MultiDrawIndirect

One of the most interesting extensions in modern OpenGL is indirect drawing commands and MultiDrawIndirect in particular. Before explaining this extension lets review first drawing commands in OpenGL to have the background to better understand how MultiDrawIndirect works. If you already know about the different drawing commands in OpenGL please skip next two sections.

Drawing Commands

Drawing commands in OpenGL can be classified as indexed/non-indexed, and direct/indirect. That’s a total of 4 categories ( Indexed direct, non-Indexed direct, indexed indirect and non-indexed indirect ). The difference between indexed and non-indexed is pretty straightforward. In an indexed draw you have to provide and index buffer (GL_ELEMENT_ARRAY_BUFFER) which OpenGL will use to fetch the vertices from the vertex buffers. Non-indexed drawing commands on the other hand don’t use any index buffer so vertices are feed sequentially in the order that they appear in the vertex buffers.There are a lot of direct rendering commands, both for indexed and non-indexed, but they all are just reduced versions of the most generalized drawing commands, glDrawArraysInstancedBaseInstance() for non-indexed drawing and glDrawElementsInstancedBaseVertexBaseInstance() for indexed. There are two parameters of these functions which need some explanation, BaseVertex in the indexed draw and BaseInstance. Actually, if you’ve read my previous post on Array Textures, you’ve already seen BaseVertex being used.

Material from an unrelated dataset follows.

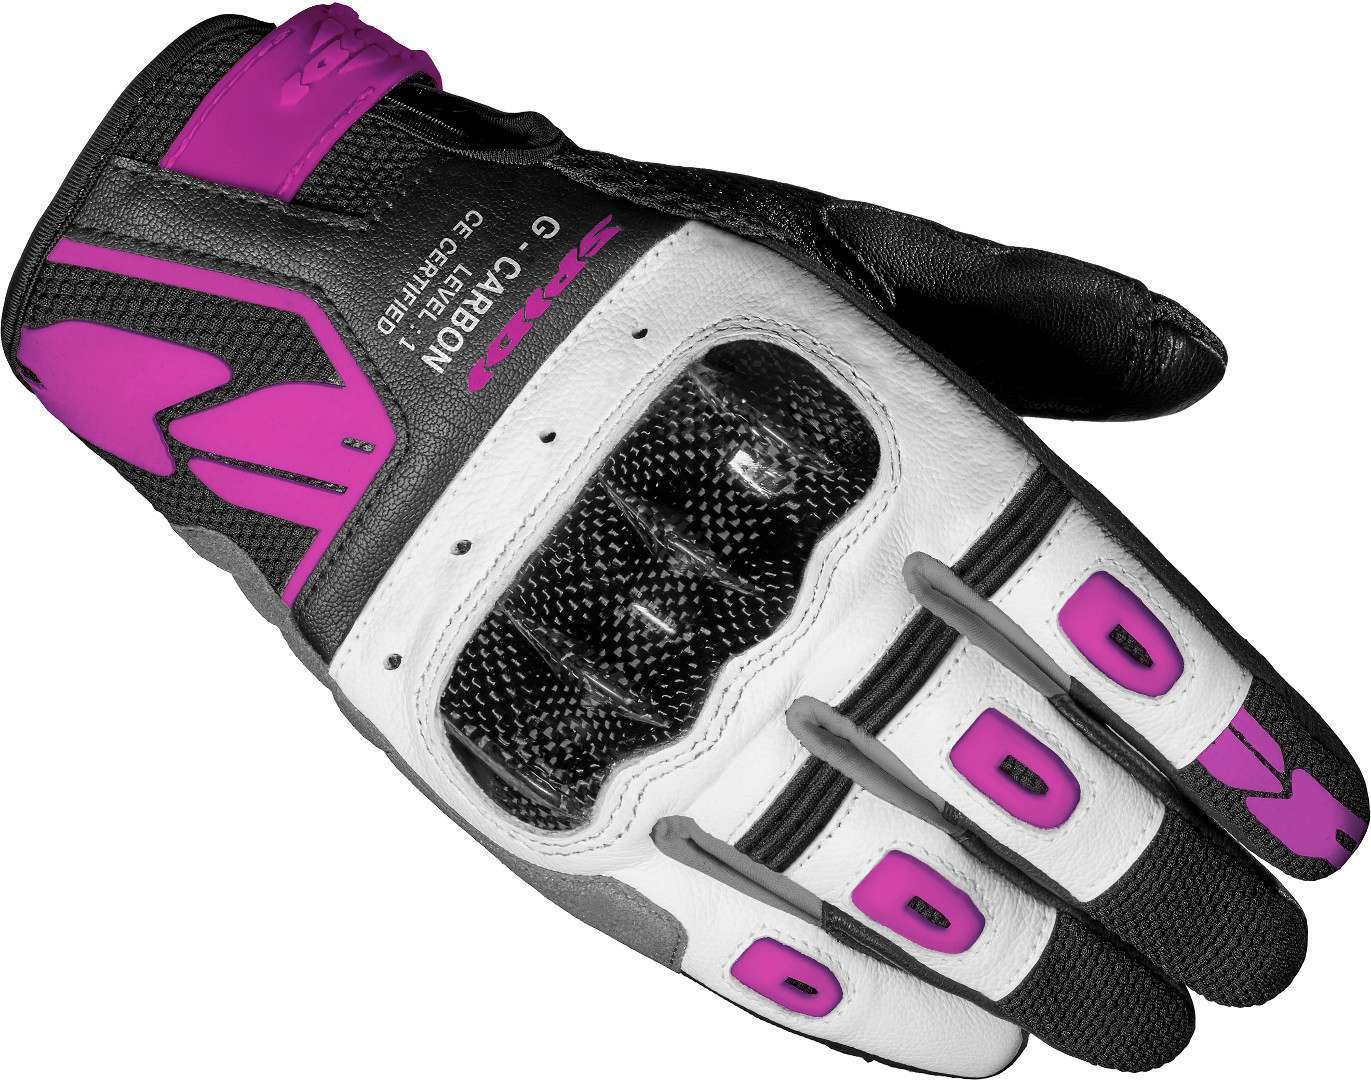 Spidi G-Carbon Damen Motorrad Handschuhe L Schwarz Weiss Pink

When BaseVertex is specified, OpenGL will fetch the vertex index from the buffer bound to GL_ELEMENT_ARRAY_BUFFER and then add baseVertex to it before it is used to index into the vertex buffers. This is useful to combine multiple meshes into a single vertex buffer so you don’t need to modify the indices of every single mesh. Here is an example for you, say you have two meshes Mesh1 and Mesh2 that you want to combine in a single buffer.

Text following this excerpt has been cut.